Dogleg was an American post-hardcore band formed in Detroit, Michigan in 2015. They released their debut album, Melee in 2020 to critical acclaim. The band is fronted by Alex Stoitsiadis as lead vocalist and rhythm guitarist, with Chase Macinski on bass, Parker Grissom on guitar, and Jacob Hanlon on drums.

History 
Dogleg's origins begin in late 2015 when lead singer Alex Stoitsiadis started the project as a solo project. Stoitsiadis said of the formation that "[he] didn't really expect anything from it. I just wanted to write because there wasn't much creative freedom in my other bands I used to be in. I just felt like I couldn't write the songs I wanted to write, so I was like, I'm just going to sit down, write as many songs as I can before I don't have this space in my parents' basement anymore, record, and just put it out there and see what happens."

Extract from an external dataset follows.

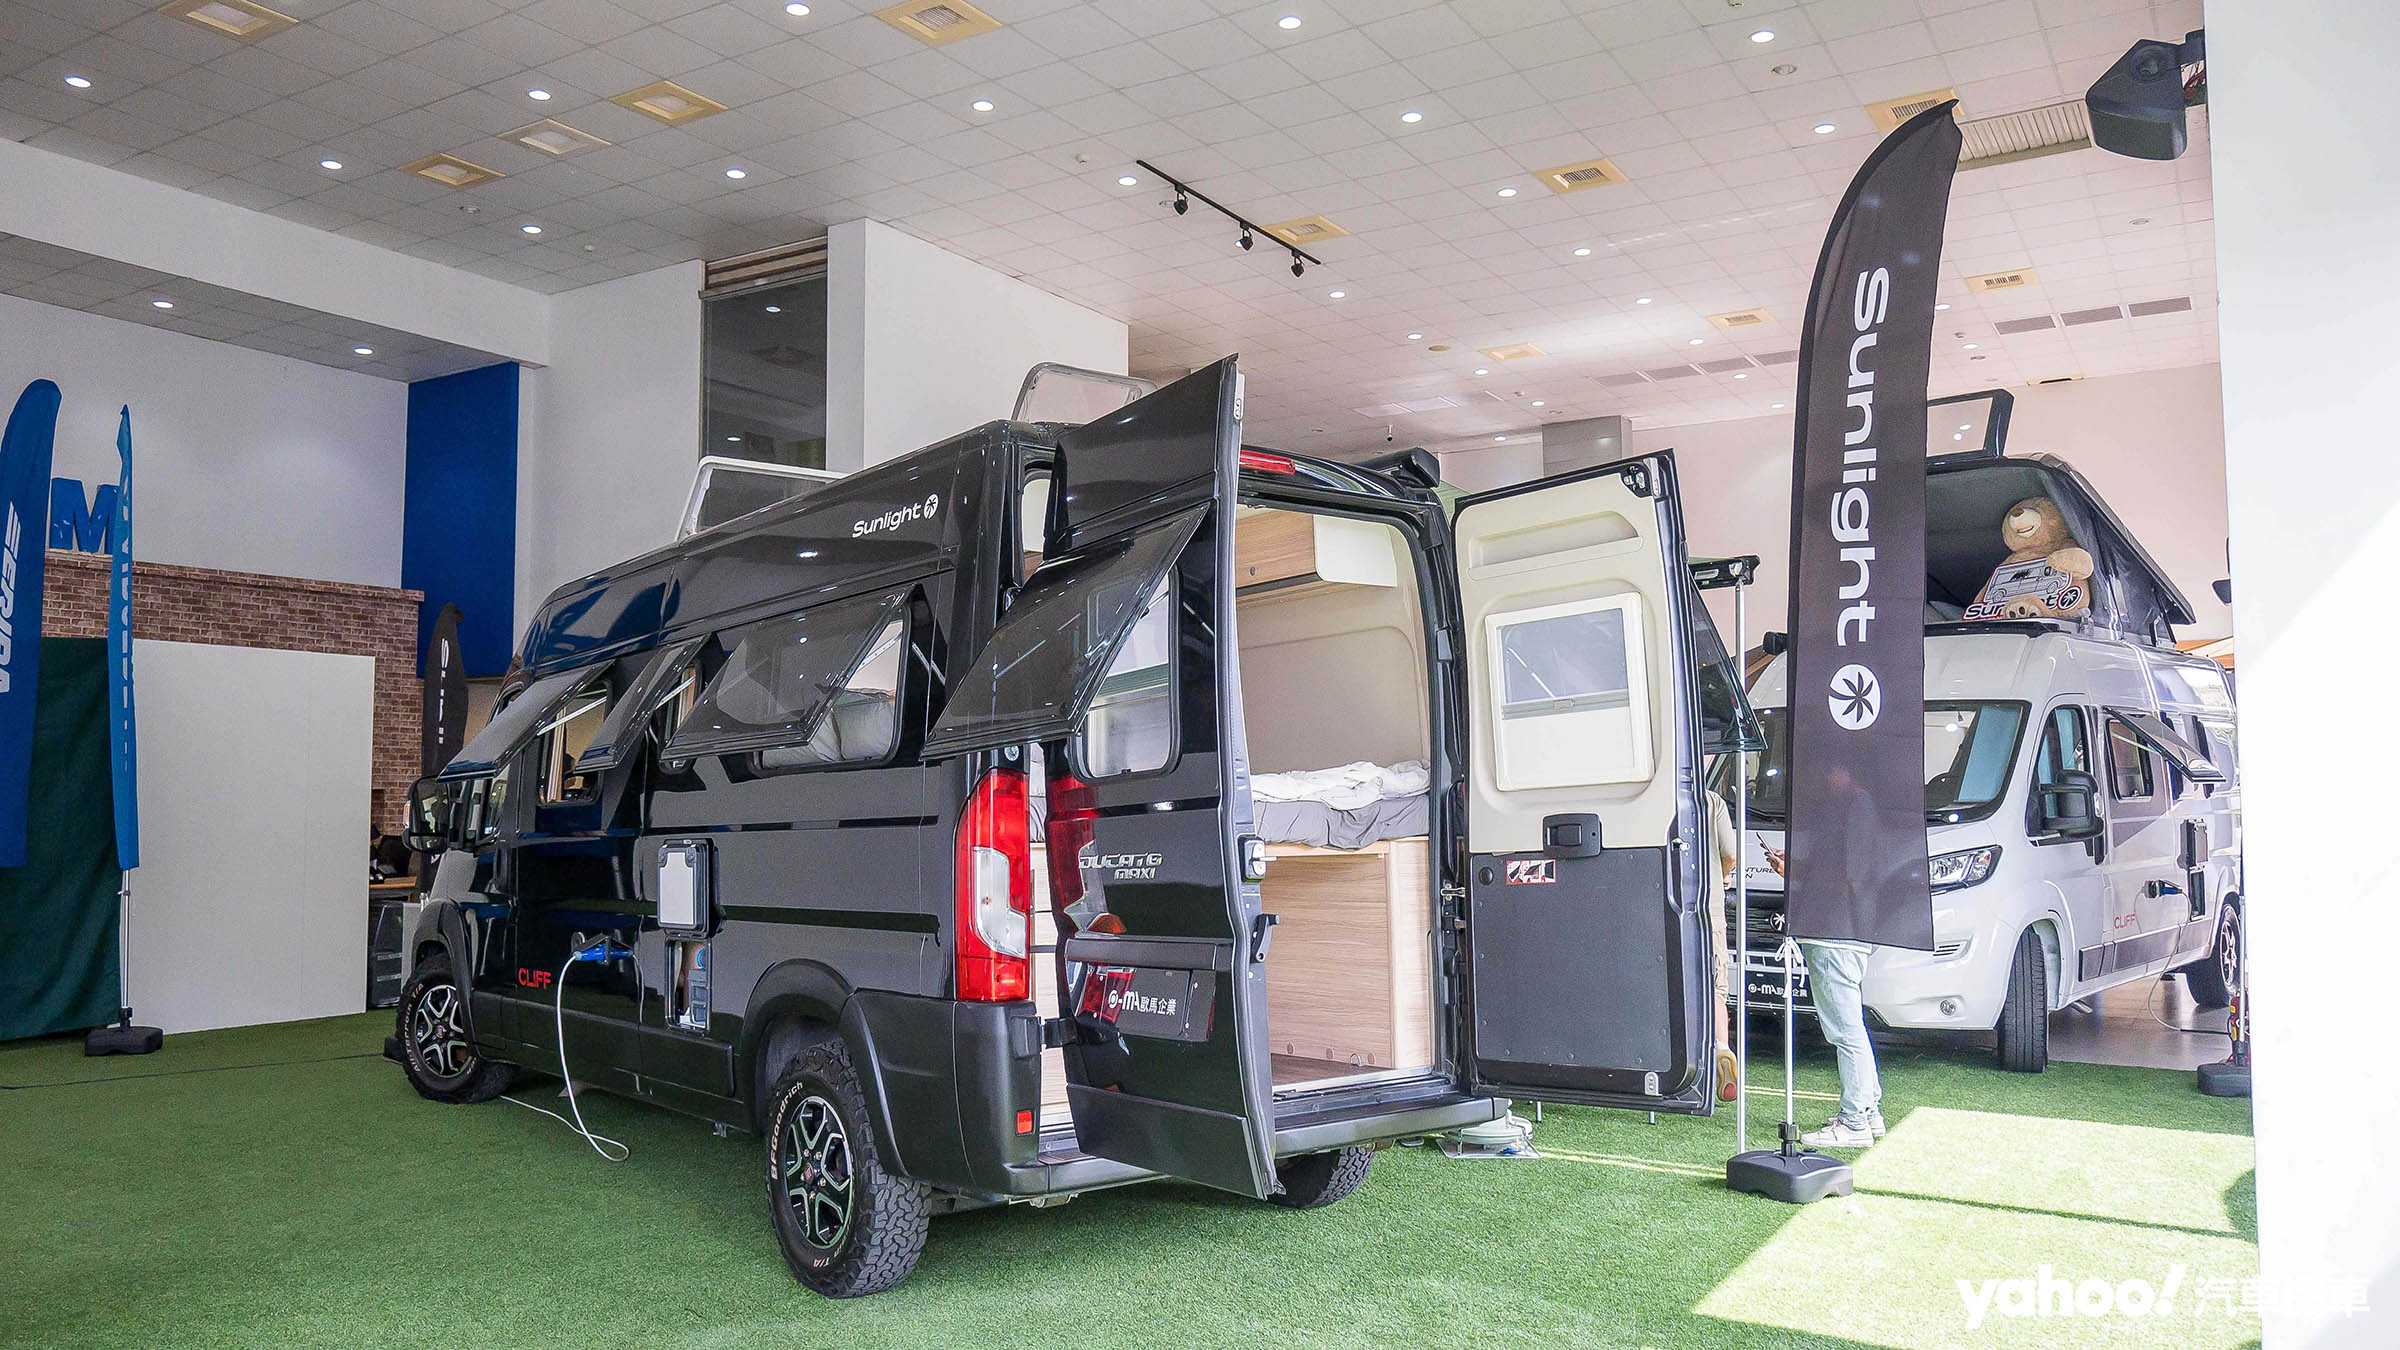 歐馬成立露營車出租部門「九歐旅行家」，讓民眾能以租車方式享受走到哪、玩到哪、睡到哪的車宿趣味。

In 2016, Stoitsiadis moved from his hometown of Rochester Hills, Michigan to Ann Arbor to attend college at the University of Michigan. Stoitsiadis began working on and released the self-titled EP, Dogleg in 2016. The name of the EP and band is borrowed from "the greatest band to ever come from Michigan, Bear vs. Shark, and their song "Broken Dog Leg." In early 2016, Parker Grissom, who was still in high school joined Dogleg part time. Come summer 2016, Grissom joined the band full-time. The band began playing regular shows at Metal Frat, or Sigma Phi, which was a Michigan-based fraternity known for its basement shows. The same shows were where contemporaries such as Brave Bird, La Dispute, and Pity Sex began. Later that year with the new lineup, Dogleg recorded and released their second EP, Remember Alderaan?.

Throughout 2017, Dogleg began touring across Michigan, and in 2018, the band began playing shows across the Midwest, particularly in cities, such as Akron, Chicago, and Indianapolis. Later in 2018, the band represented Michigan at South by Southwest in Austin, Texas. In 2019, Dogleg signed with Triple Crown Records, which led to the band recording their first full-length album. On March 13, 2020, Dogleg released Melee, their debut album, which was met with critical acclaim.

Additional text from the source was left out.